**EXERCISE DATA**.
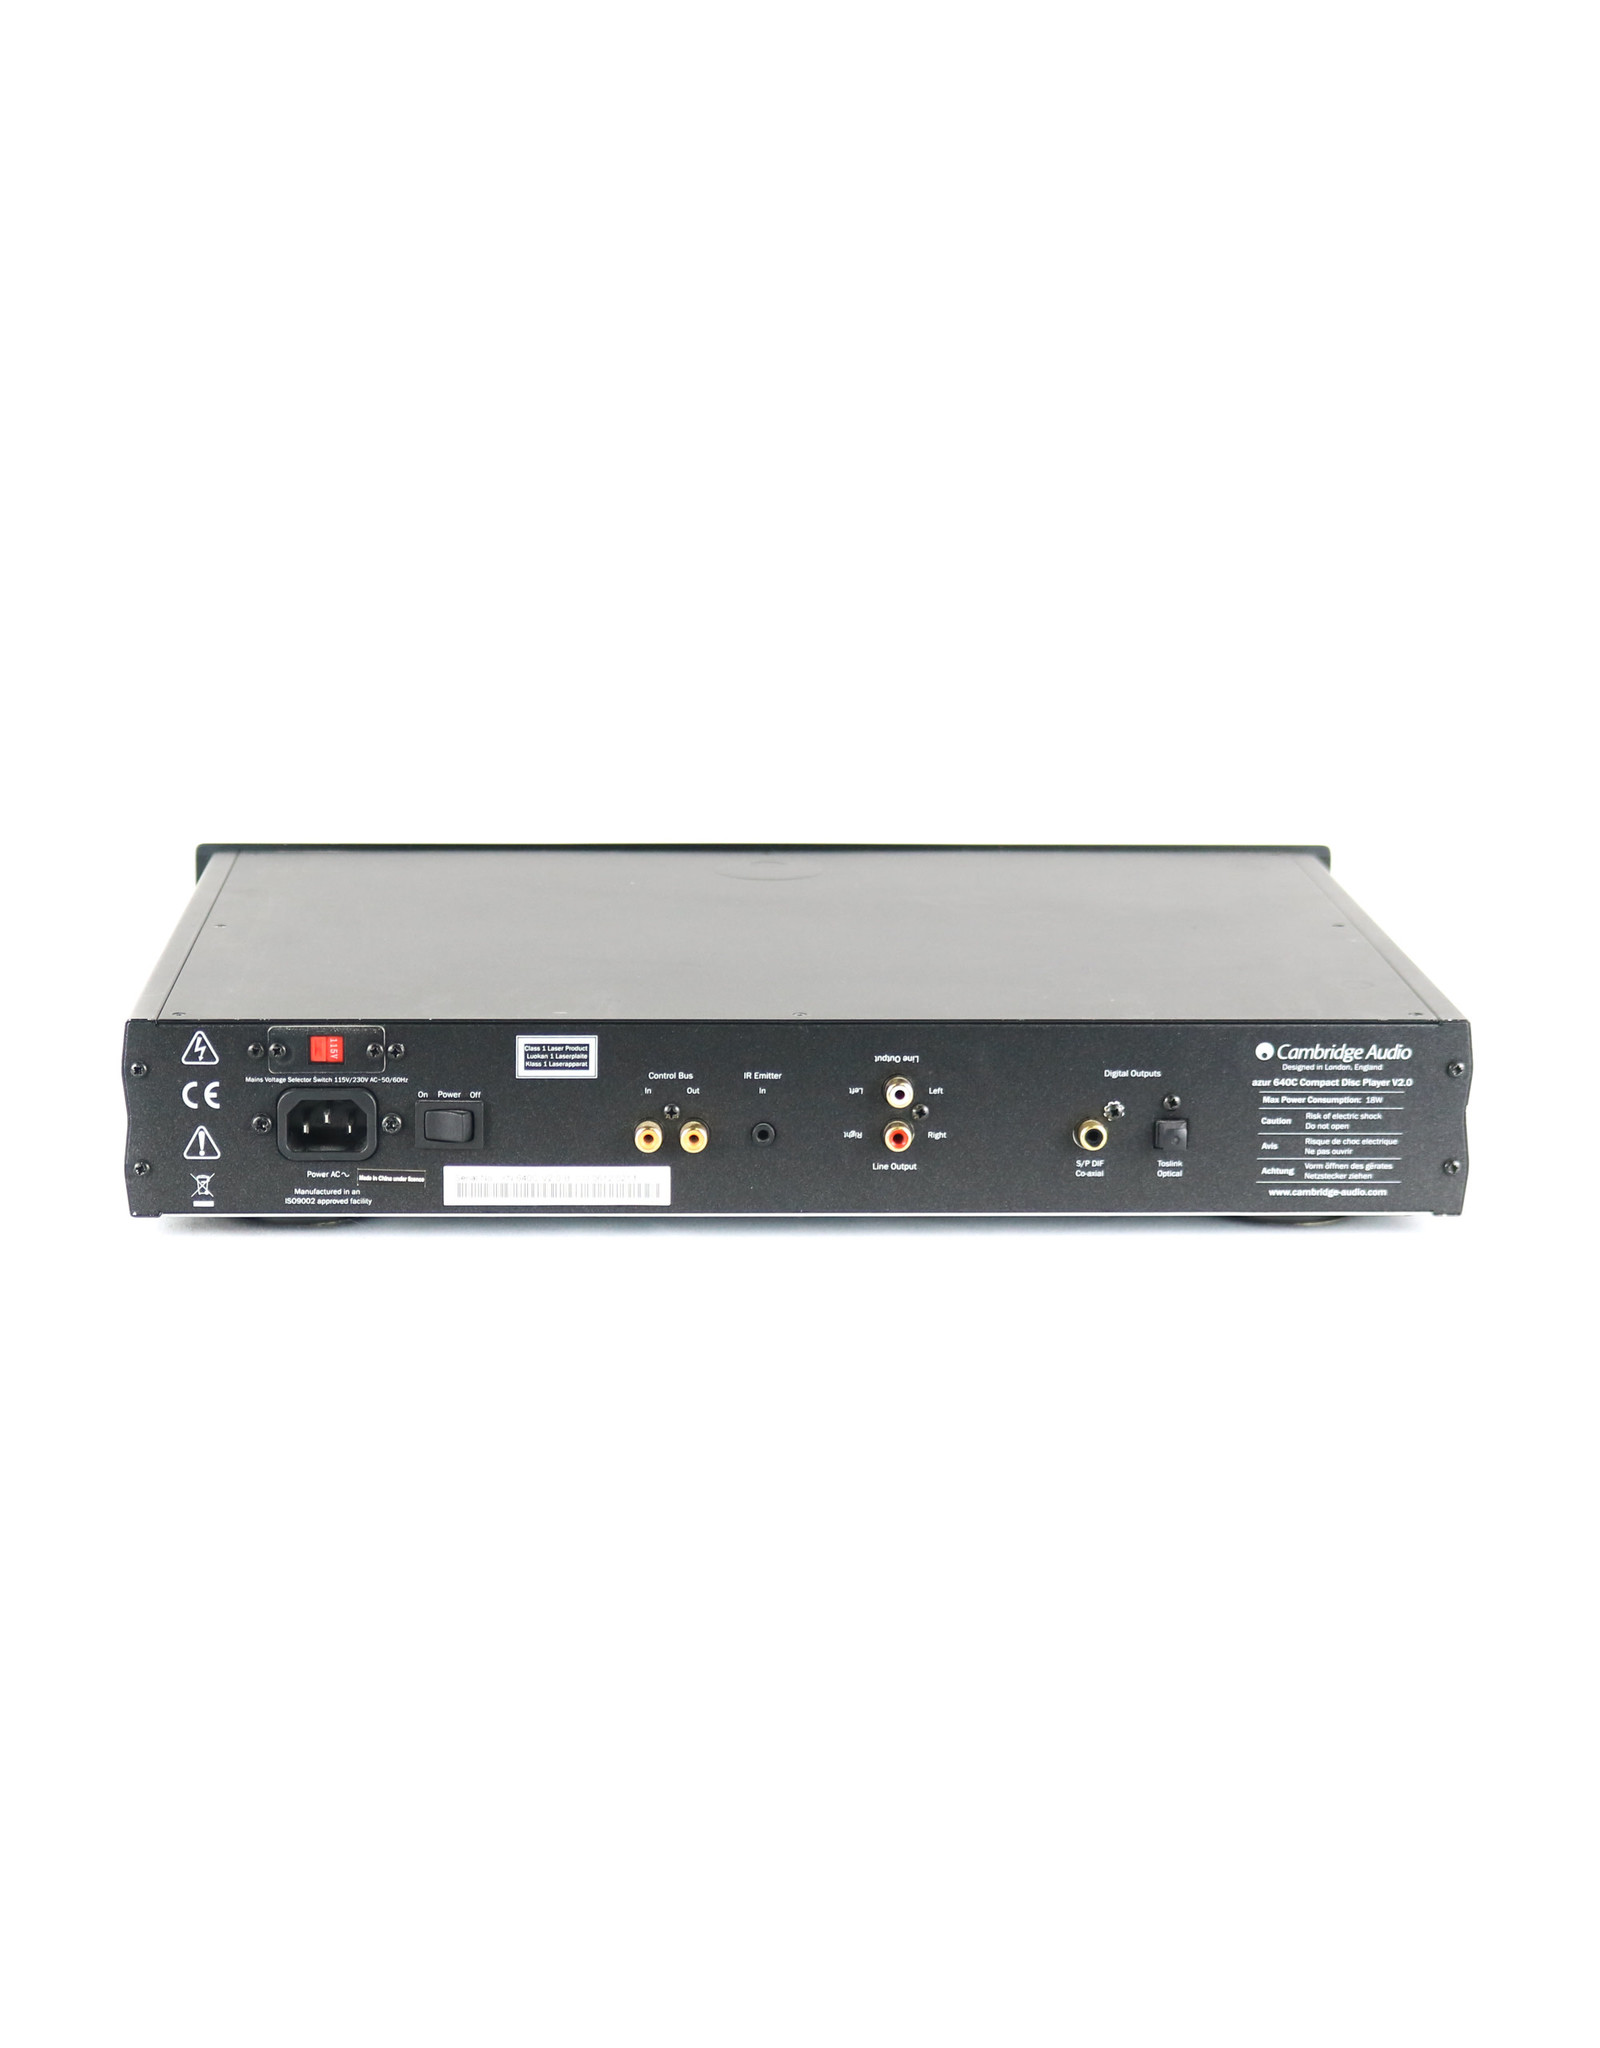 Cambridge Audio Cambridge 640C V2 CD Player Black USED
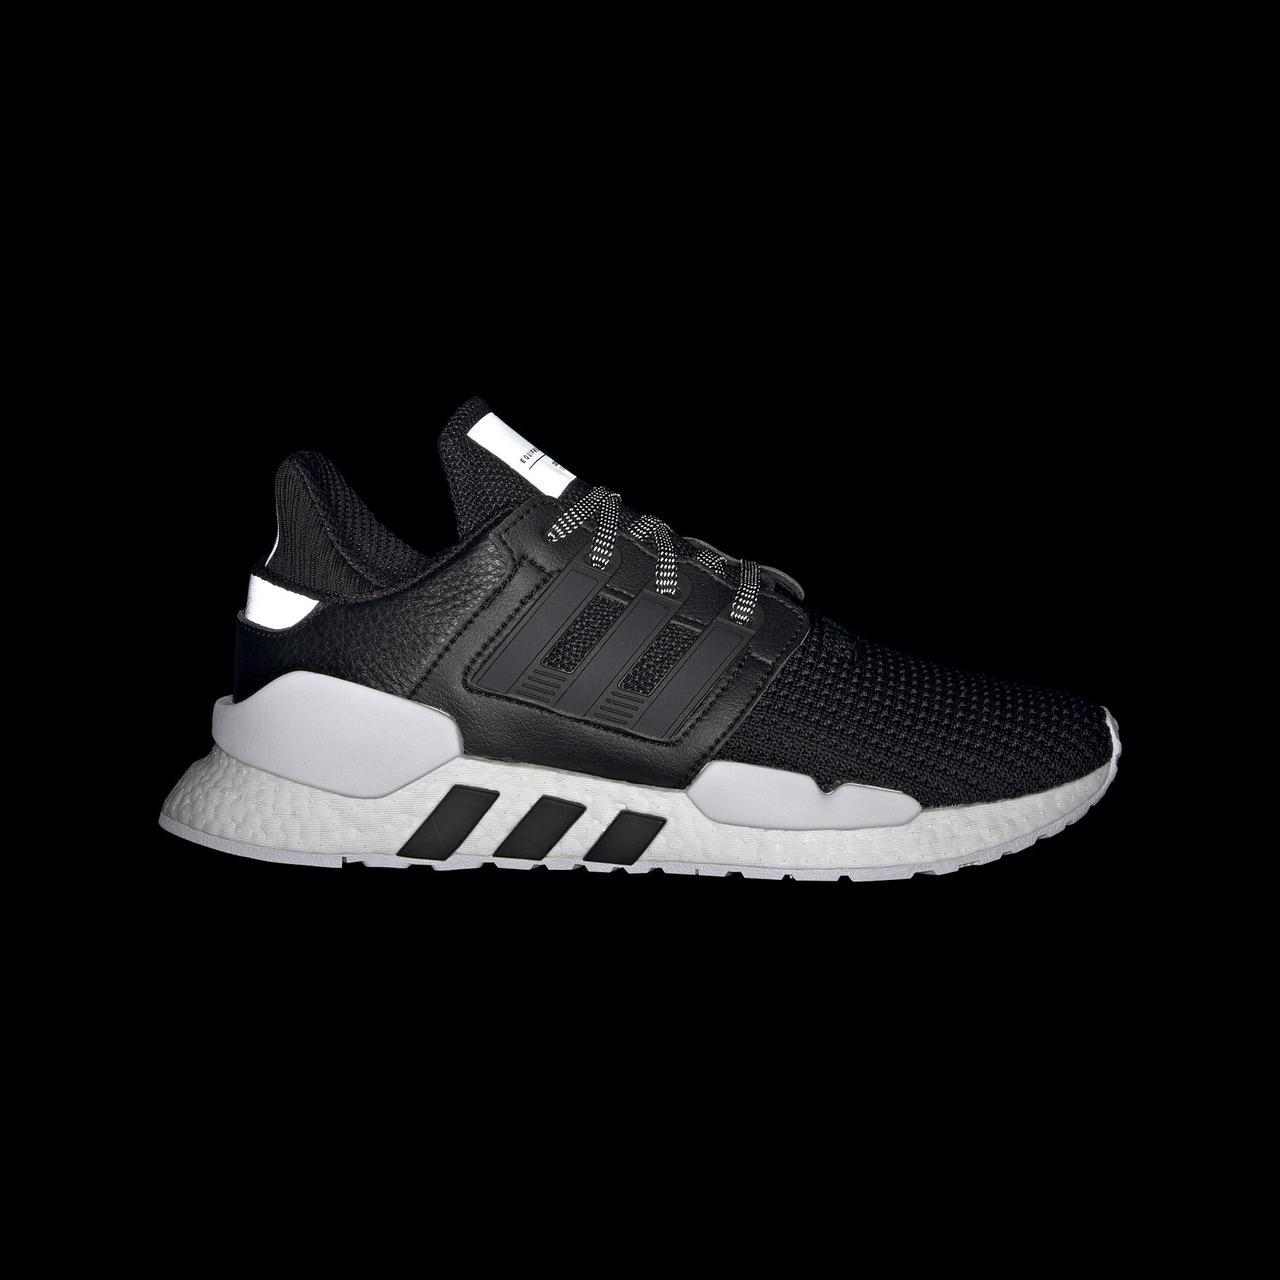 0f2c9237 Кроссовки мужские Adidas EQT Support 91/18 BD7793 - 2019: продажа ...
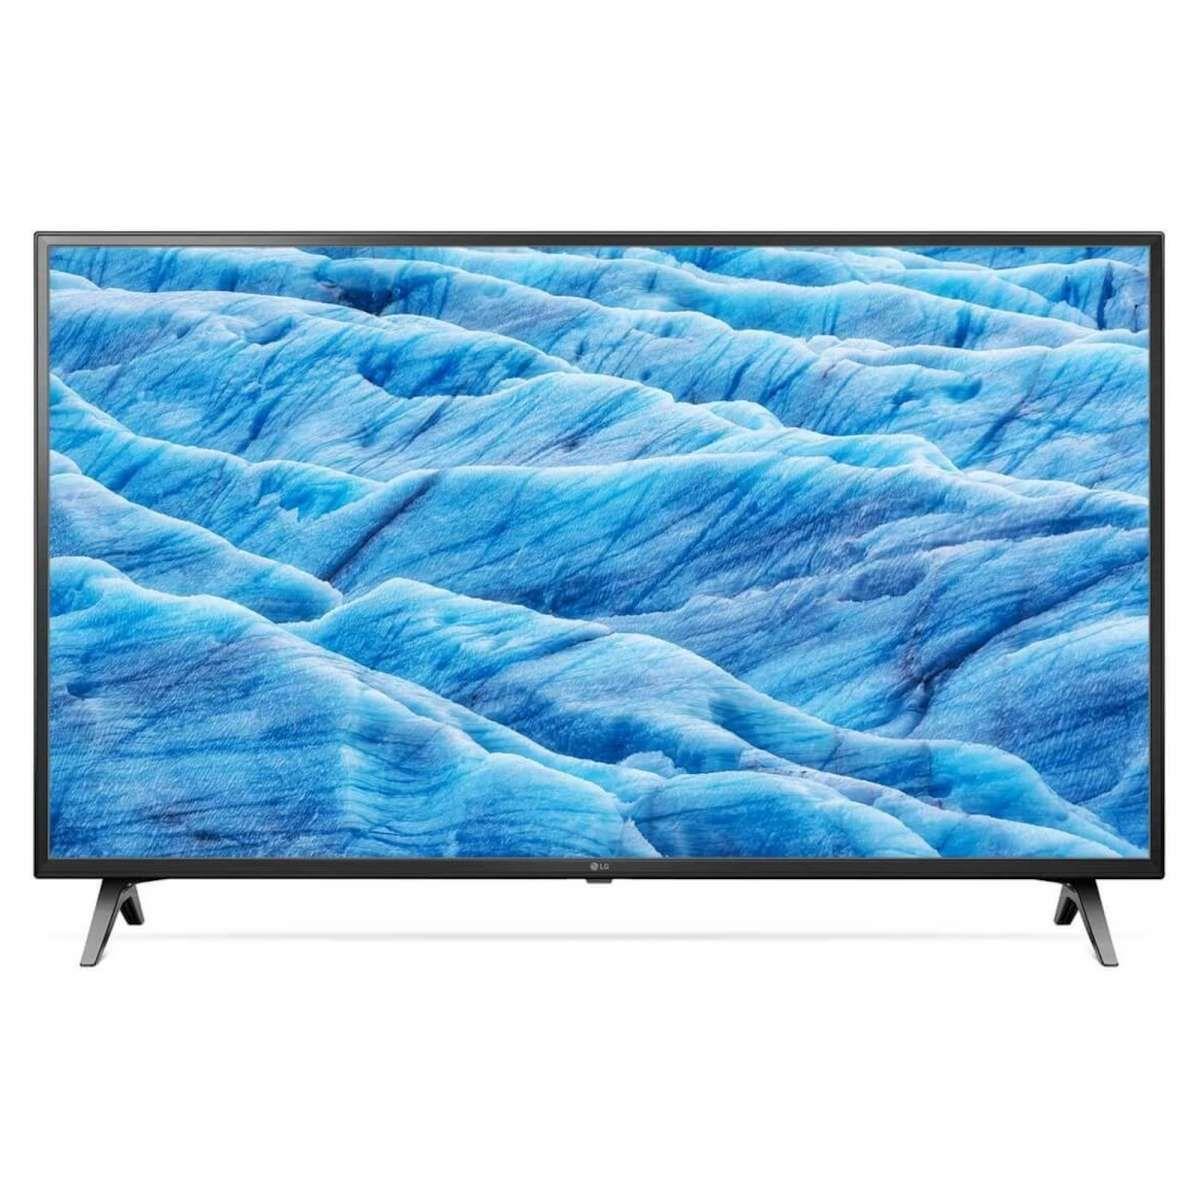 "LG 55UM7100PLB 55"" 4K Ultra HD Smart HDR LED TV £379 @ Hughes"

**TASK BRIEF**. Each line above has to be returned exactly. Drop the pictures.

**RESULT OF THE EXERCISE**.
 Cambridge Audio Cambridge 640C V2 CD Player Black USED
 0f2c9237 Кроссовки мужские Adidas EQT Support 91/18 BD7793 - 2019: продажа ...
 "LG 55UM7100PLB 55"" 4K Ultra HD Smart HDR LED TV £379 @ Hughes"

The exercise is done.